╔══
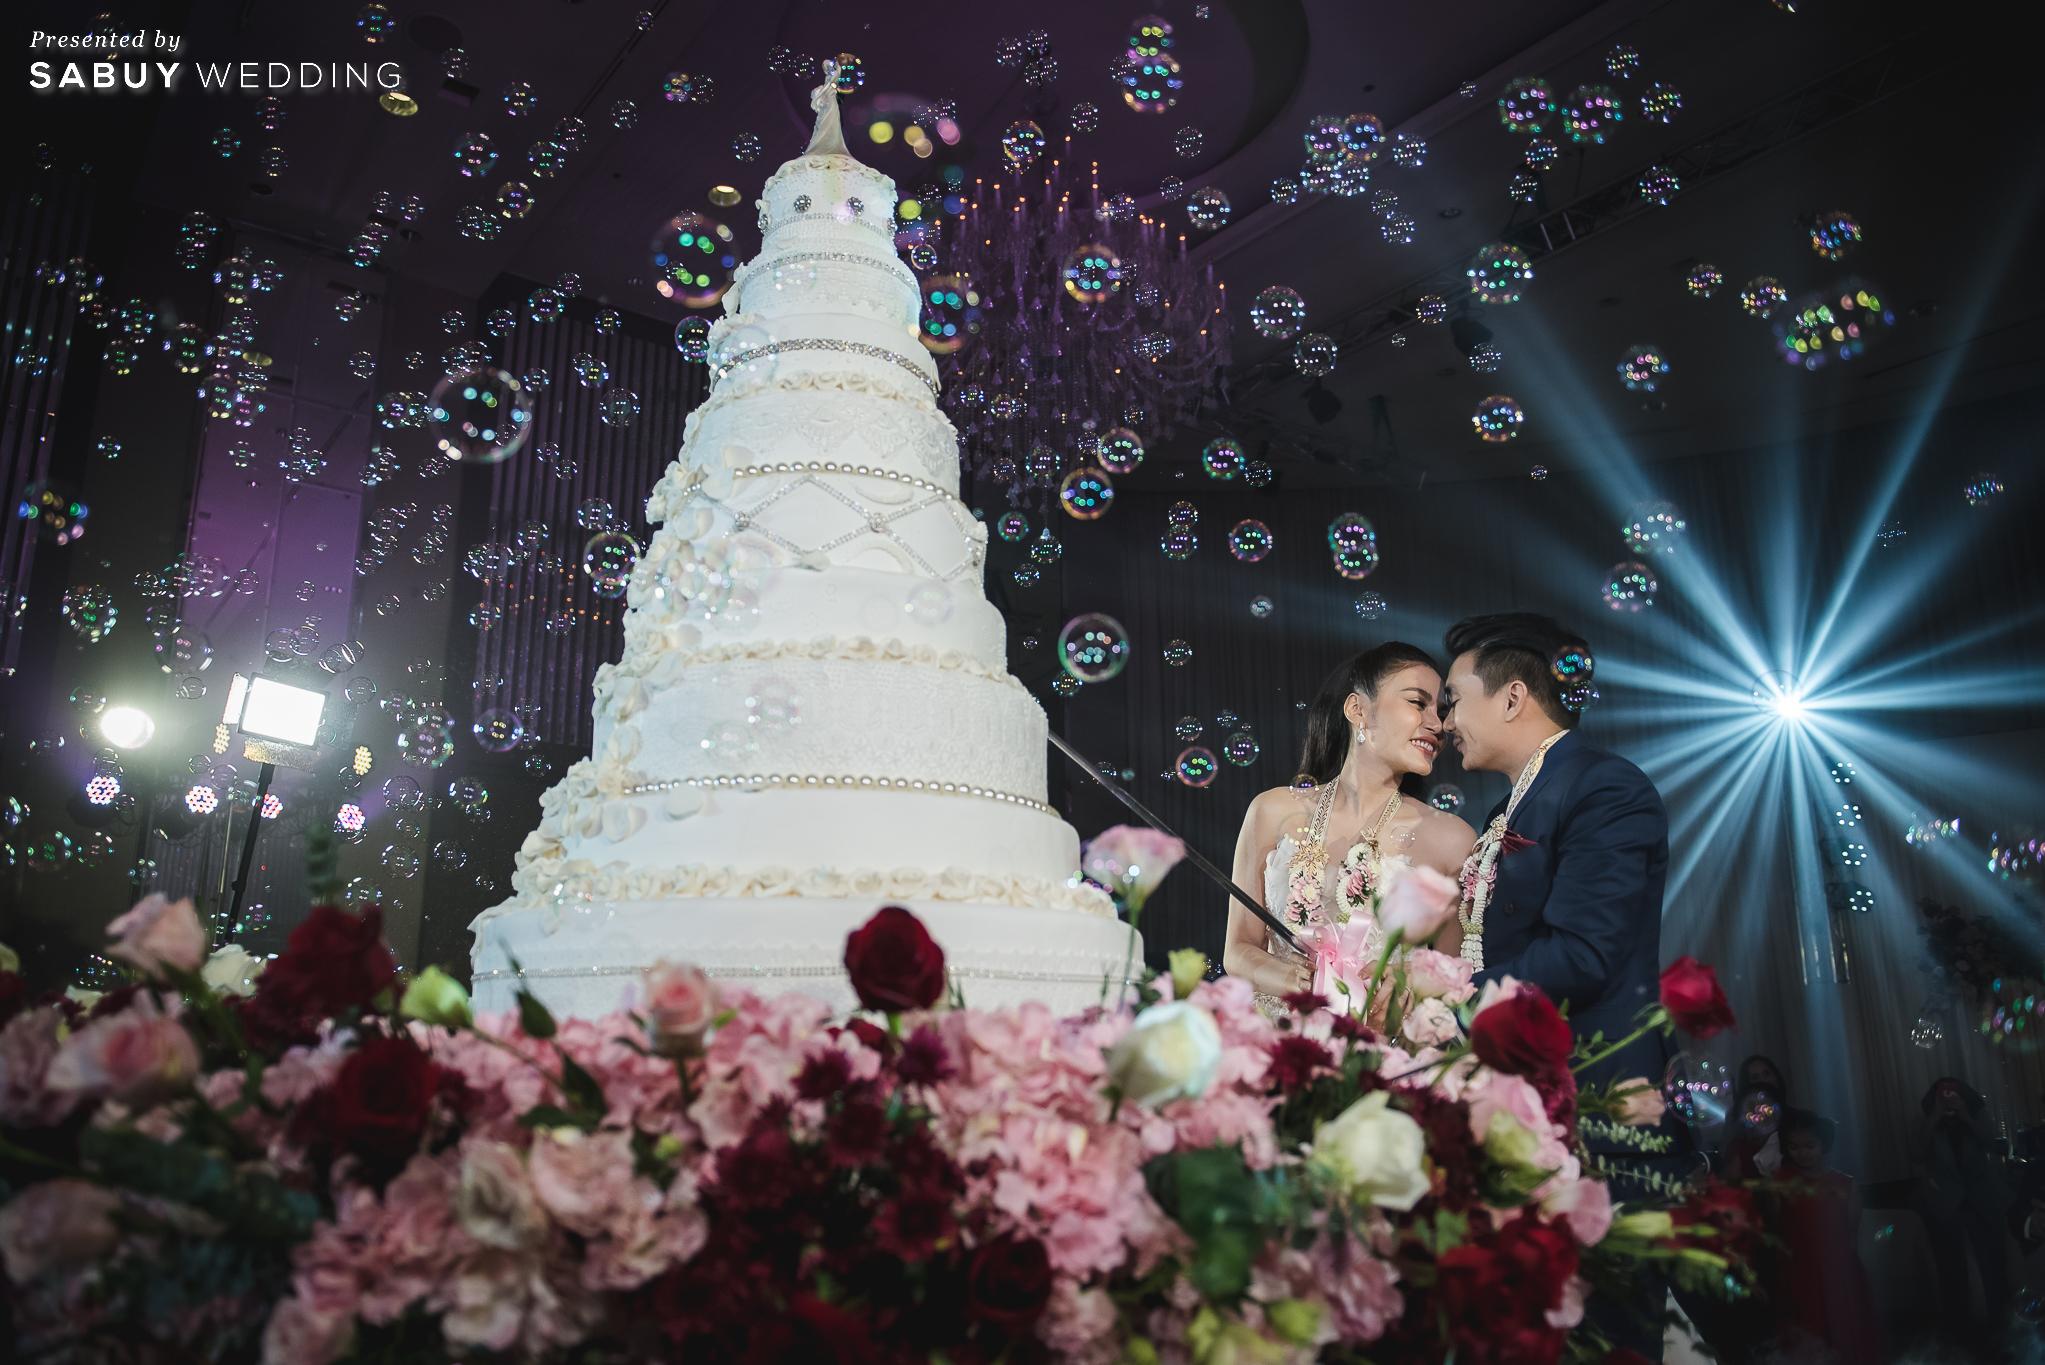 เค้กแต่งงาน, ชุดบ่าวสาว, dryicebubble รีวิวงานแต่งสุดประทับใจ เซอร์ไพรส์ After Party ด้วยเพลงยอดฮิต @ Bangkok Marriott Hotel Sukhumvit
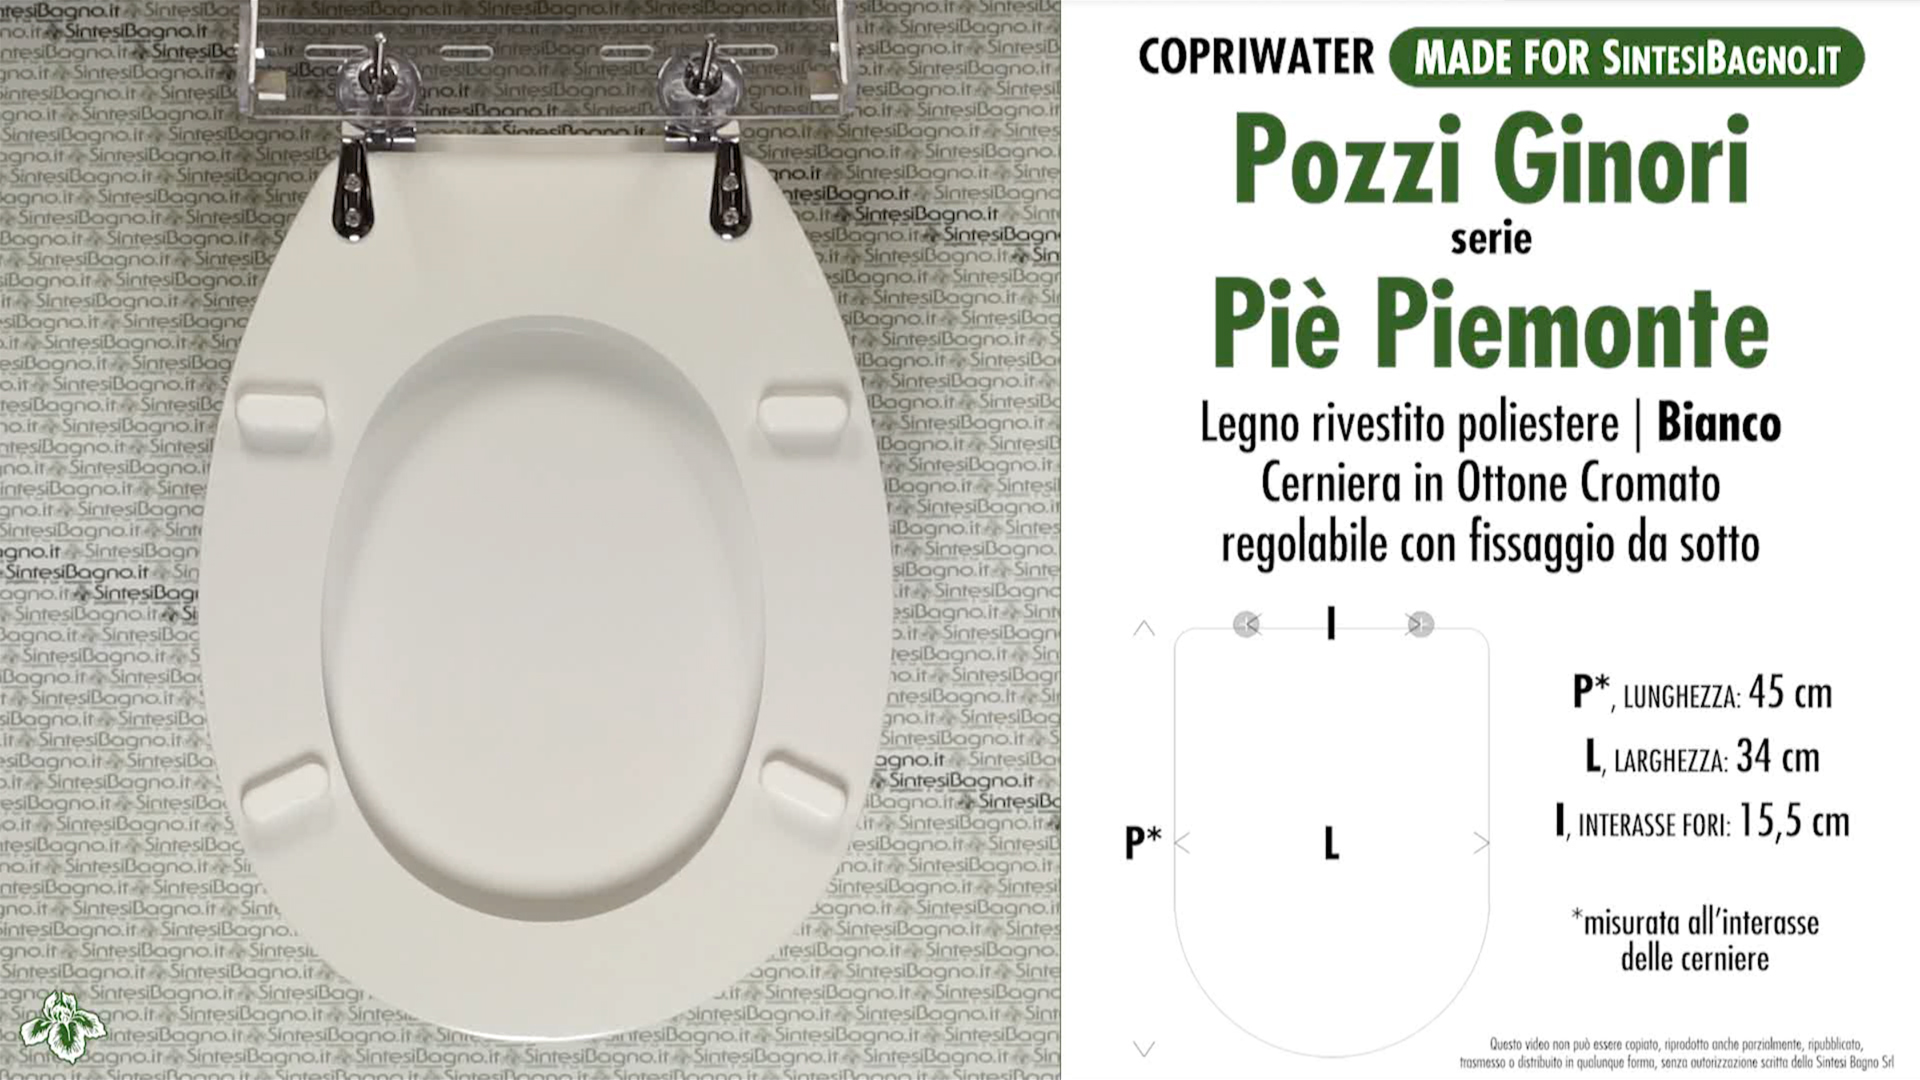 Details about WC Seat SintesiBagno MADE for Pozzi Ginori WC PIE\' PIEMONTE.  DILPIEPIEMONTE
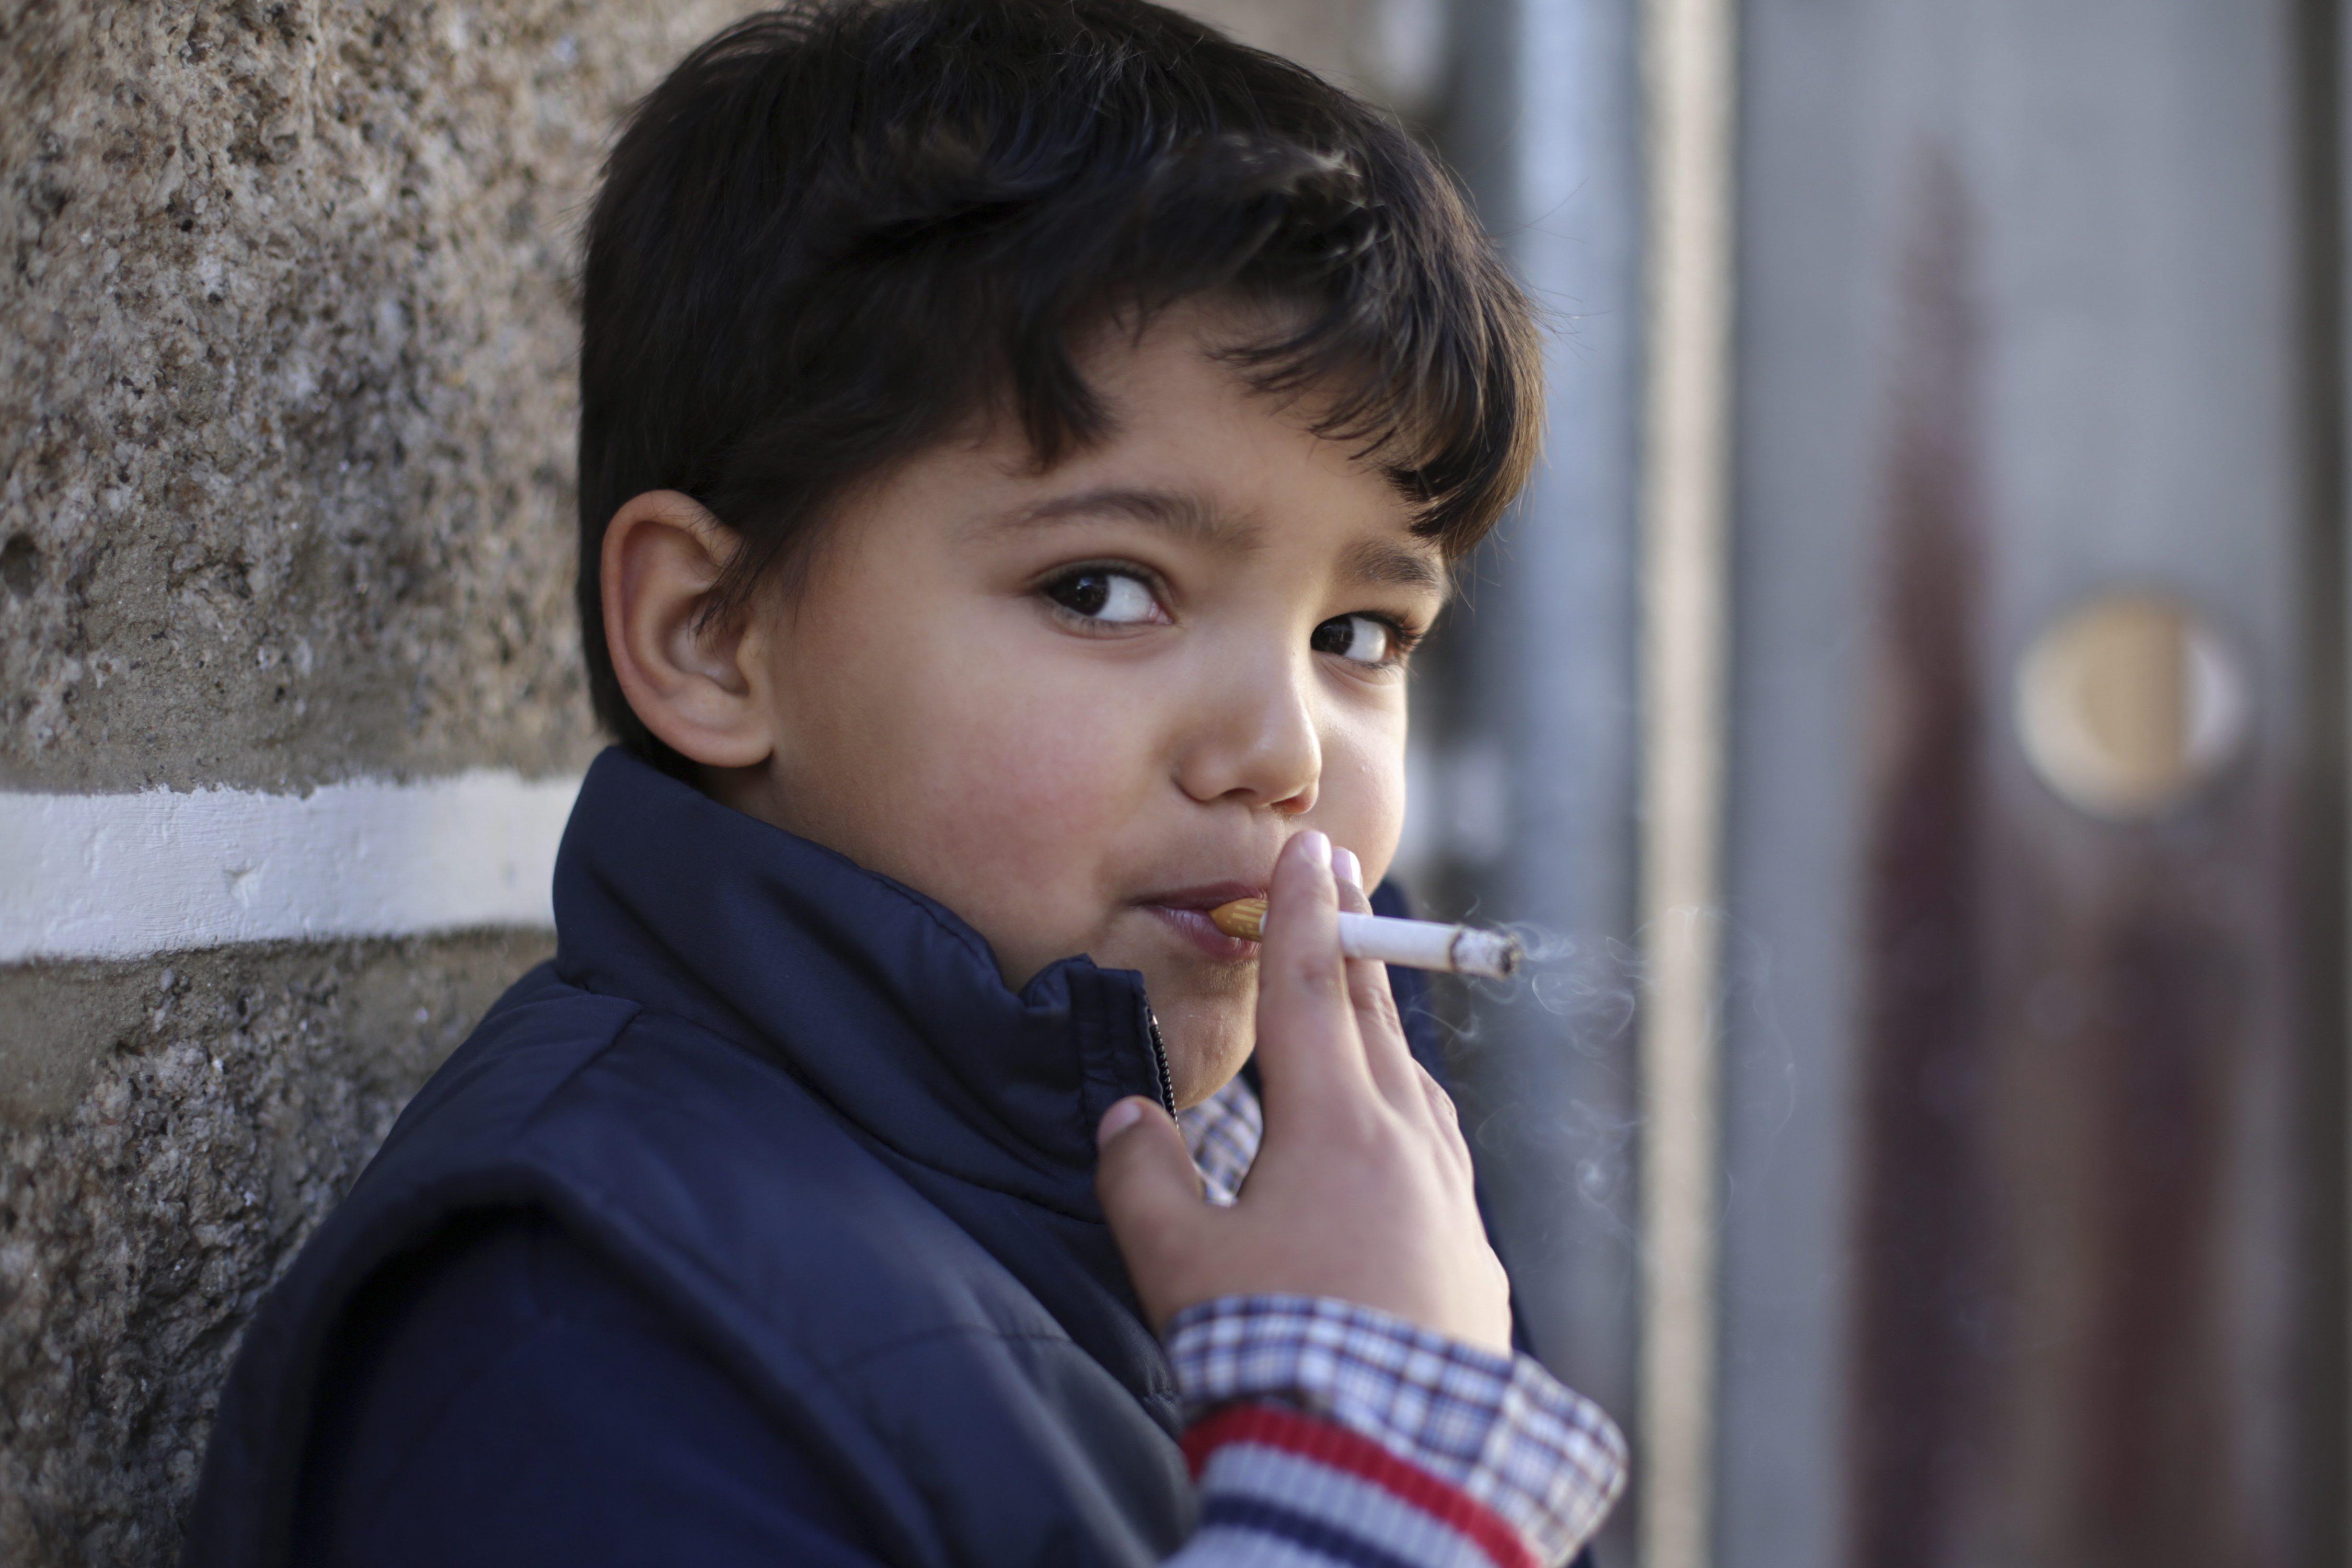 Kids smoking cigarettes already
╚══
# TASK REQUIREMENTS
The answer should be an exact copy of the material, with its pictures removed.

# ANSWER BELOW
 เค้กแต่งงาน, ชุดบ่าวสาว, dryicebubble รีวิวงานแต่งสุดประทับใจ เซอร์ไพรส์ After Party ด้วยเพลงยอดฮิต @ Bangkok Marriott Hotel Sukhumvit
 Details about WC Seat SintesiBagno MADE for Pozzi Ginori WC PIE\' PIEMONTE.  DILPIEPIEMONTE
 Kids smoking cigarettes already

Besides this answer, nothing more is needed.